自動運転ソフトで世界をリード
LKをハード領域の企業だとすると、ソフトウエア領域に強い企業にも訪れた。自動運転のソフトウエアを開発しているポニーaiやWeRideなどだ。
トヨタも出資するポニーaiが開発したシステムが載る無人運転のロボットタクシー(写真:2025年7月筆者撮影)
中国の広州や深センでタクシーを呼ぶと、運転手がいない「ロボットタクシー」がやってくることがある。無人運転バスも走行しているが、こうした会社の技術を使っている。こうした中国のソフト領域の会社は「割り切った社会実装力」に強みがあるように感じた。新しい技術を実社会に導入し、軌道修正しながら確実なものに仕上げる力ともいえる。
前述した小鵬汽車やソフトウエア会社には、筆者の視点では4つの共通項があった。①「AIカンパニー」を目指していること、②米国に開発などの拠点を持つこと、③米国市場で上場していること、④経営のスピードが速いことだ。
米中の政治的な対立ばかりが注目されるが、資金調達や部品調達などの面で米中の産業界は実は密接につながっていることが分かった。筆者が半導体調達について尋ねると、「米中両政府の顔を立てる形で調達している」と答える企業もあった。
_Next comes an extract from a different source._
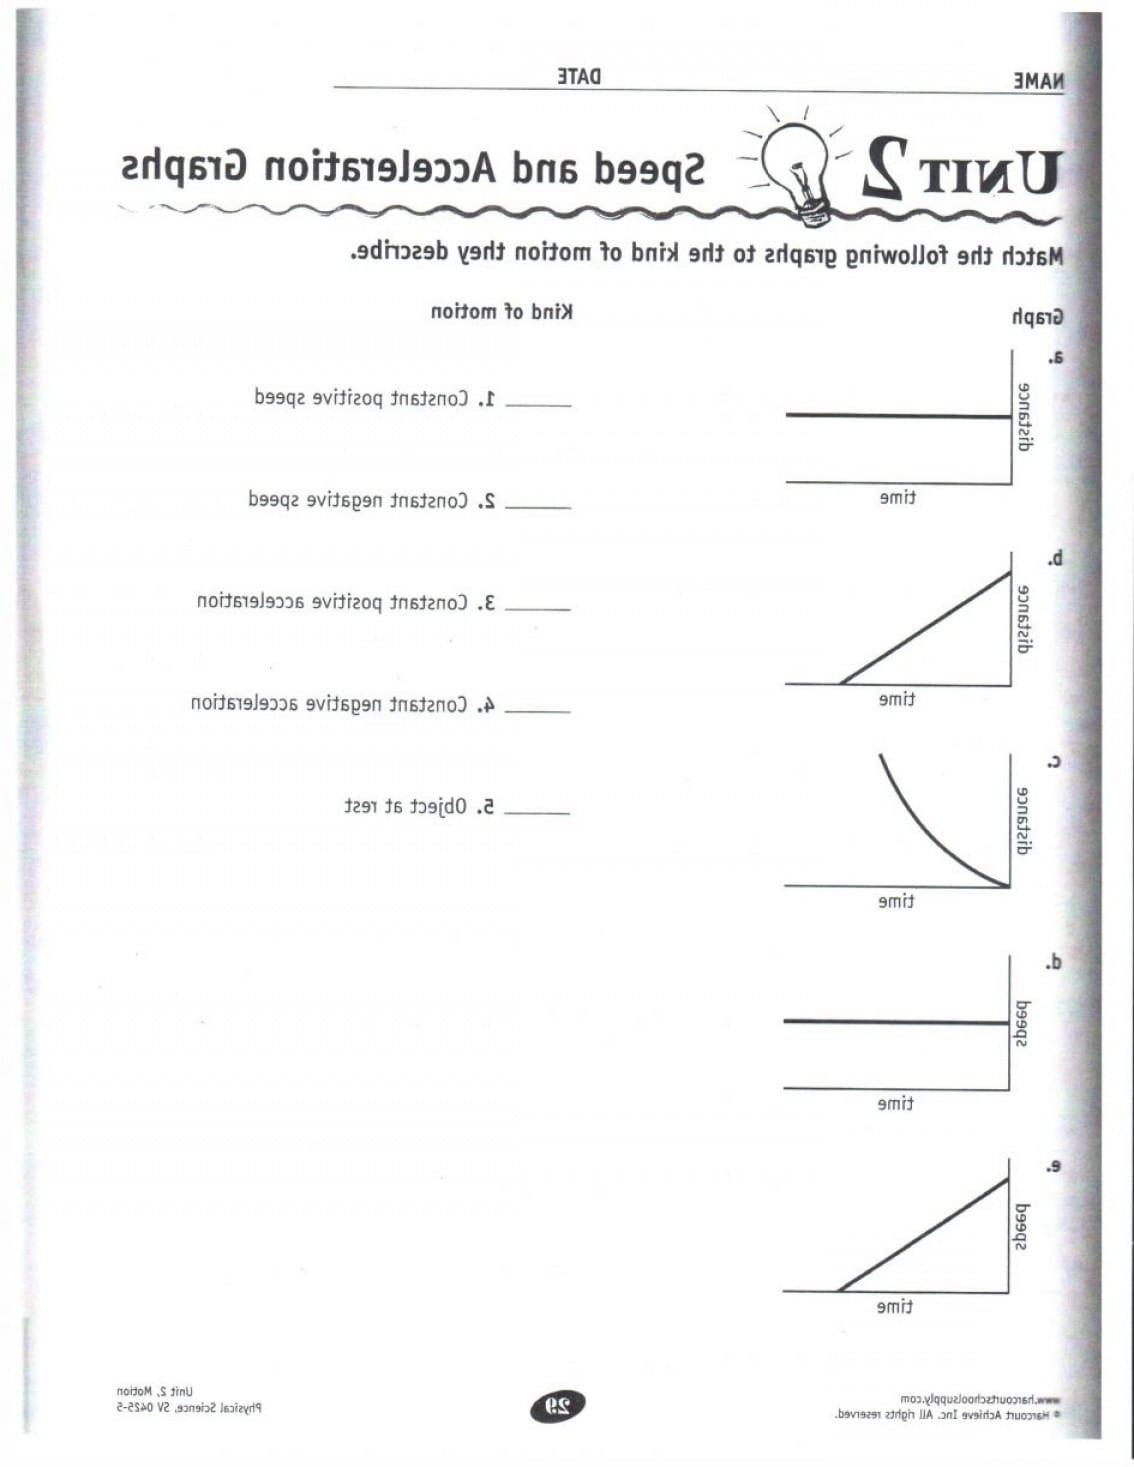 Free Body Diagram Worksheet Answers torque Physics Fundamentals Worksheet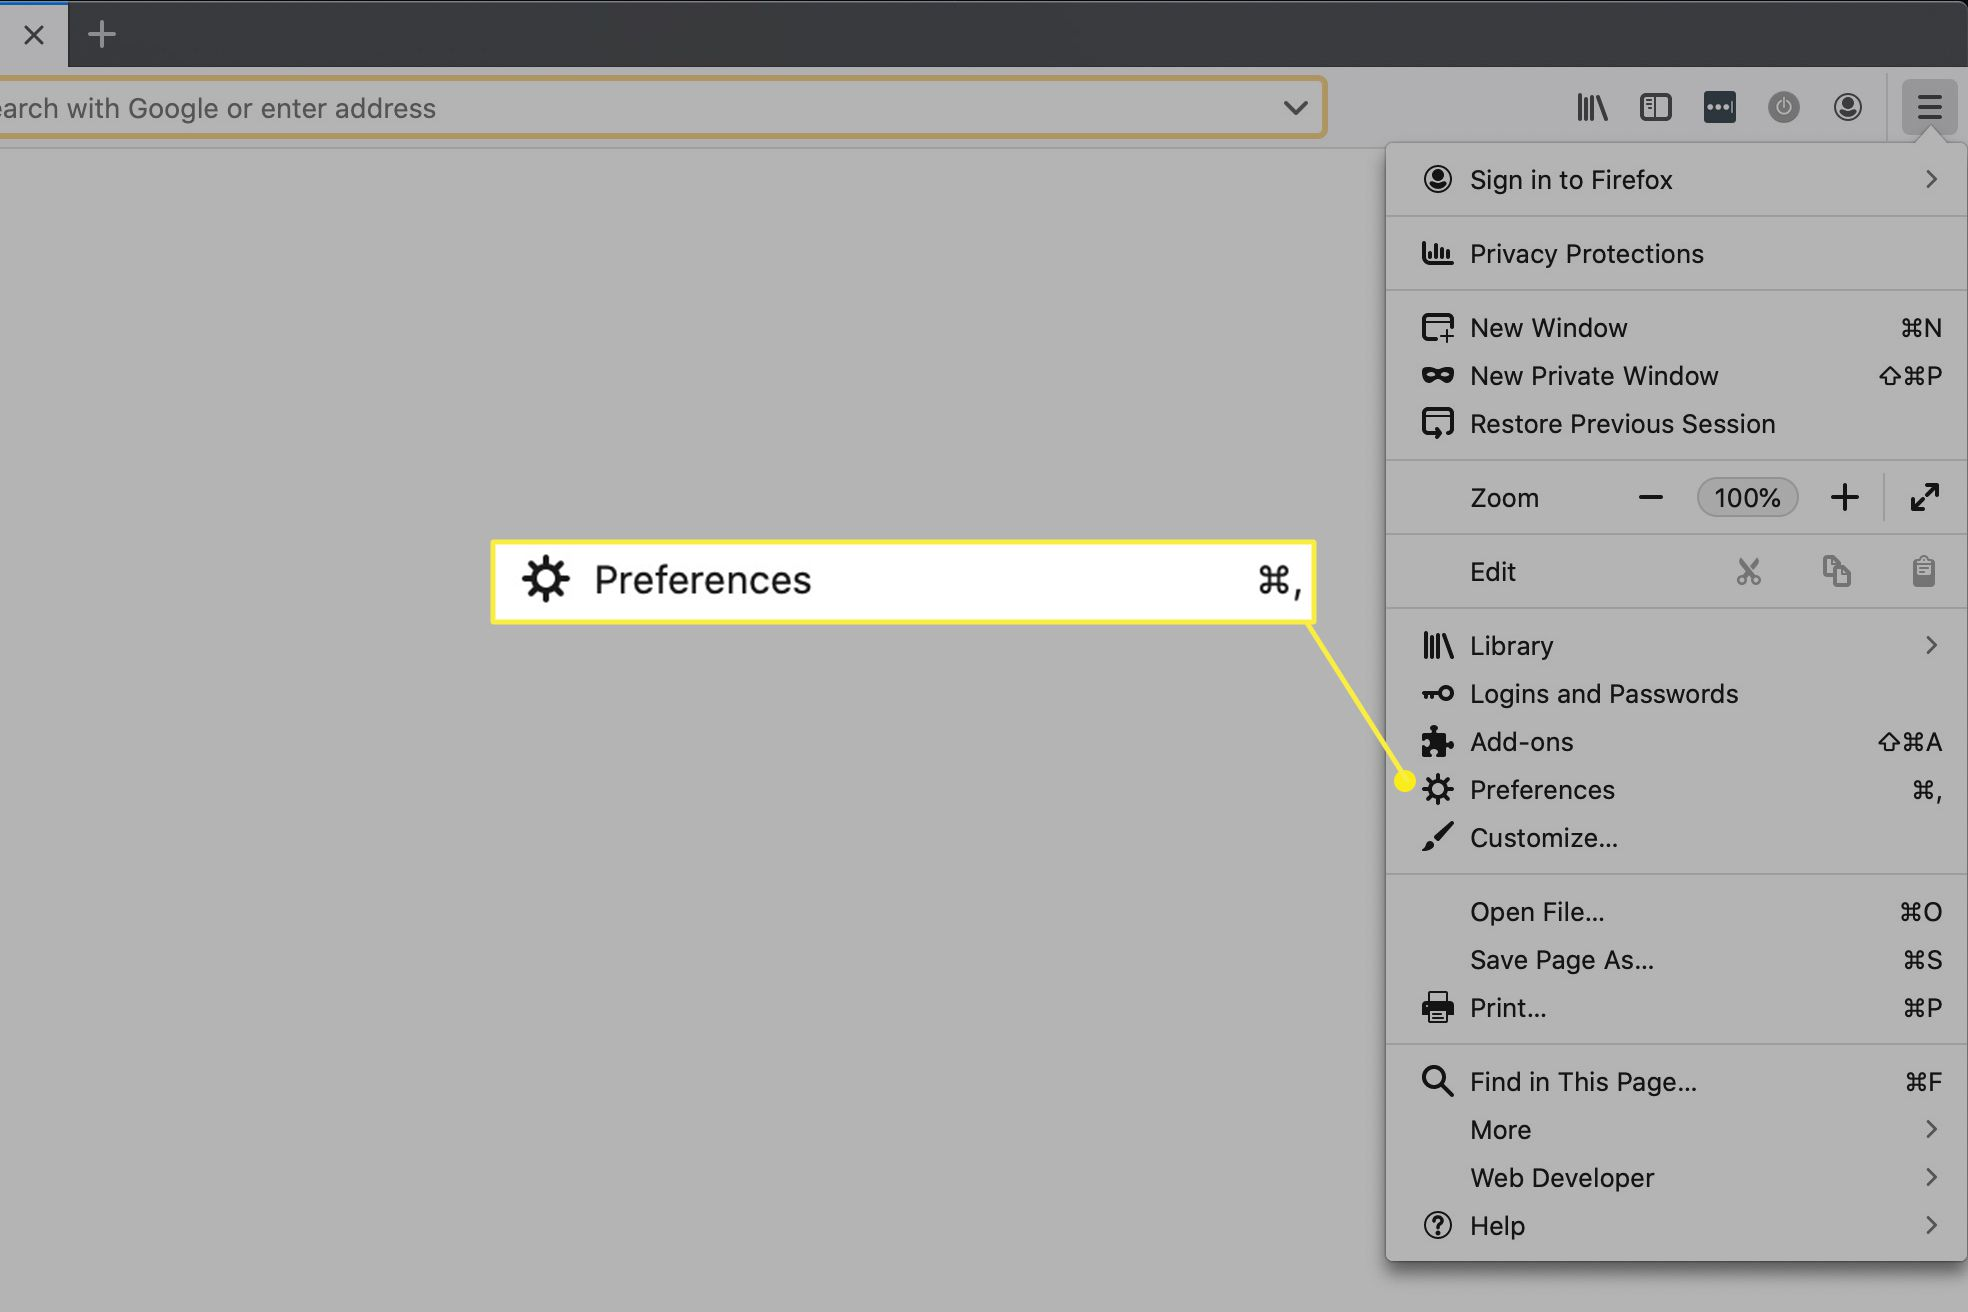 Firefox preferences

第三国経由で調達しているのだという。
日本は、米中の政治的な対立を過剰に意識し、かつ日本の同盟国である米国を過剰に信用した結果、対中戦略を誤ると、いずれ米国からも梯子(はしご)を外され、日米、日中関係がともに崩れる結果になるのではないかと感じた。これは言い過ぎかもしれないが、米中対立は「プロレス的要素」もかなりある。
台湾問題に関する「高市発言」により、日中関係は悪化した。SNSなどでも中国を叩けば盛り上がる。しかし、日本の国益を考えれば、果たしてそれで良いのだろうか。
また、今の日本国内では、中国は共産党一党支配が続く「特殊な国」だと指摘する声も少なからずある。軍事力の台頭とともに、「中国は怖い」といったイメージもある。経済力、軍事力が共に強大となった隣国を「怖い」と思うのは、自然な国民感情なのかもしれないが、果たしてそれで済ませてよいものなのか。
さらにそうしたイメージも、中国に直接行った人が発信しているものは少なく、また聞きによる間接情報やSNSでの真偽不明の情報に基づくものが多いと感じている。現政権の閣僚や自民党の役職者で中国に行って現地を見たことがある、あるいは中国の政治家と直接交流がある人がどれほどいるのか。
政治や経済領域の日本のリーダー層は、中国の現状を自分の眼で直視せず、間接情報のみで「中国が怖い」「中国は異質だ」などと言って現実から目をそらしてしまいがちだ。だが、主体的に関係を構築していくことを避け、米国を頼りにしていれば何とかなるといった感覚でいると、いずれ米中が手を組み、日本ははしごを外されるのではないか。